Лев почуял кровь, и это заставило его взбеситься от голода. Он с ревом обошел дерево, остановился около яиц, брошенных Сантэн, потом снова взревел.
— Все в порядке, Шаса…
Сантэн всхлипывала от облегчения, съежившись на высокой развилке, держа ребенка на коленях и глядя через листья и ветки на широкую мускулистую спину льва. Она заметила, что видит уже гораздо лучше, — первые признаки рассвета появились на восточном небосклоне. Сантэн отчетливо различала имбирно-красноватый цвет львиной шкуры, а его грива, в отличие от тех рисунков, которые она видела, была не черной, а такого же рыжеватого цвета.
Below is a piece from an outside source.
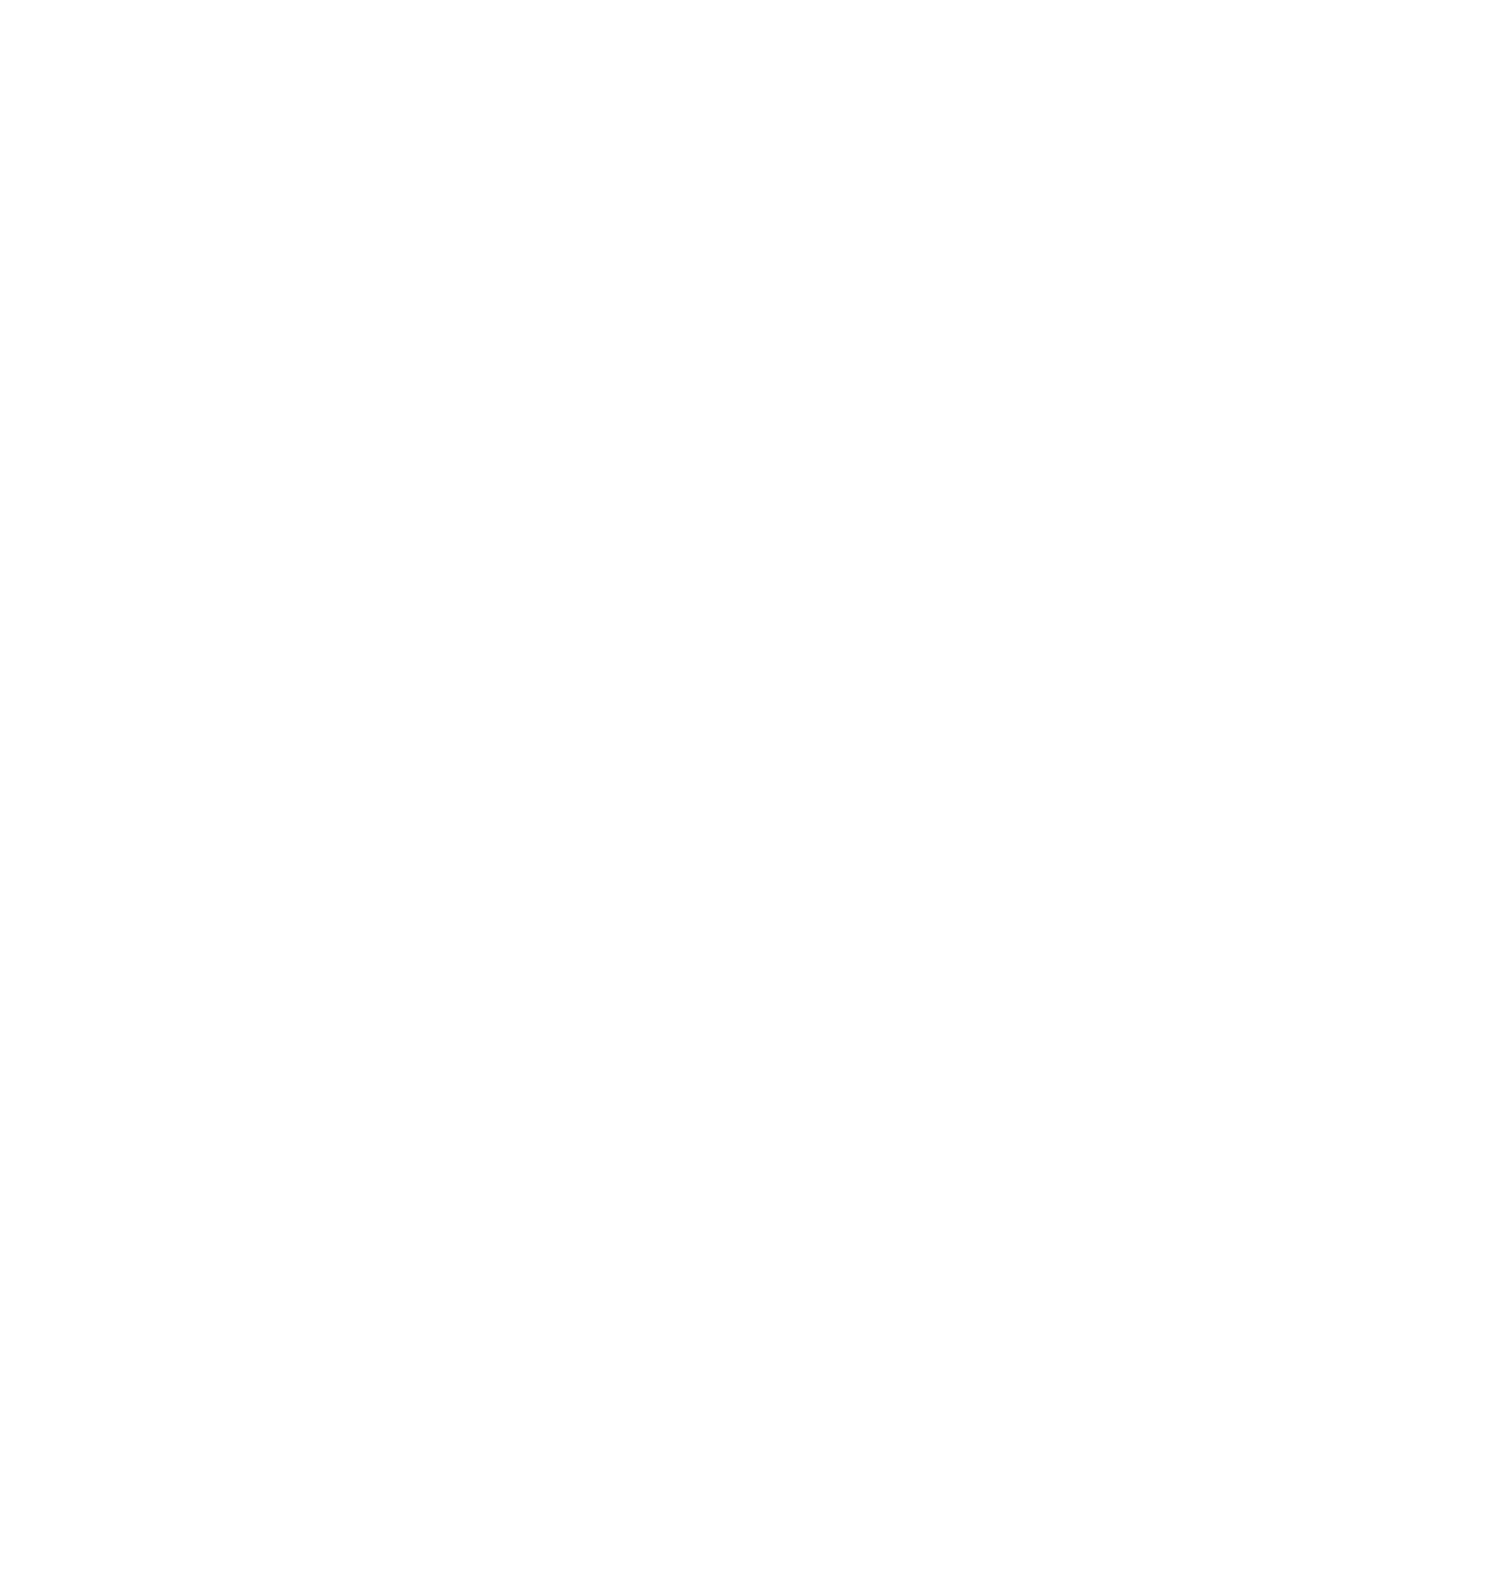 Ultra Electronics logo for dark backgrounds (transparent PNG)

— О’ва называет их красными дьяволами, — вспомнила Сантэн, прижимая к себе Шасу и стараясь успокоить его. — Сколько еще до полного рассвета?
Она тревожно посмотрела на восток и увидела, что небо уже залилось цветами расплавленной меди и тлеющих углей.
— Скоро наступит день, Шаса, — сказала она. — Тогда зверюга уйдет прочь…
Лев внизу встал на задние лапы и оперся передними о ствол, глядя вверх, на Сантэн.
— Один глаз… у него только один глаз…
Черная пустая глазница почему-то делала единственный яркий желтый глаз еще более пугающим, и Сантэн отчаянно задрожала.
Лев принялся драть ствол дерева когтями обеих передних лап, снова испуская жуткий хриплый рык. Он сдирал с дерева длинные полосы коры, оставляя на стволе влажные раны, сочащиеся соком.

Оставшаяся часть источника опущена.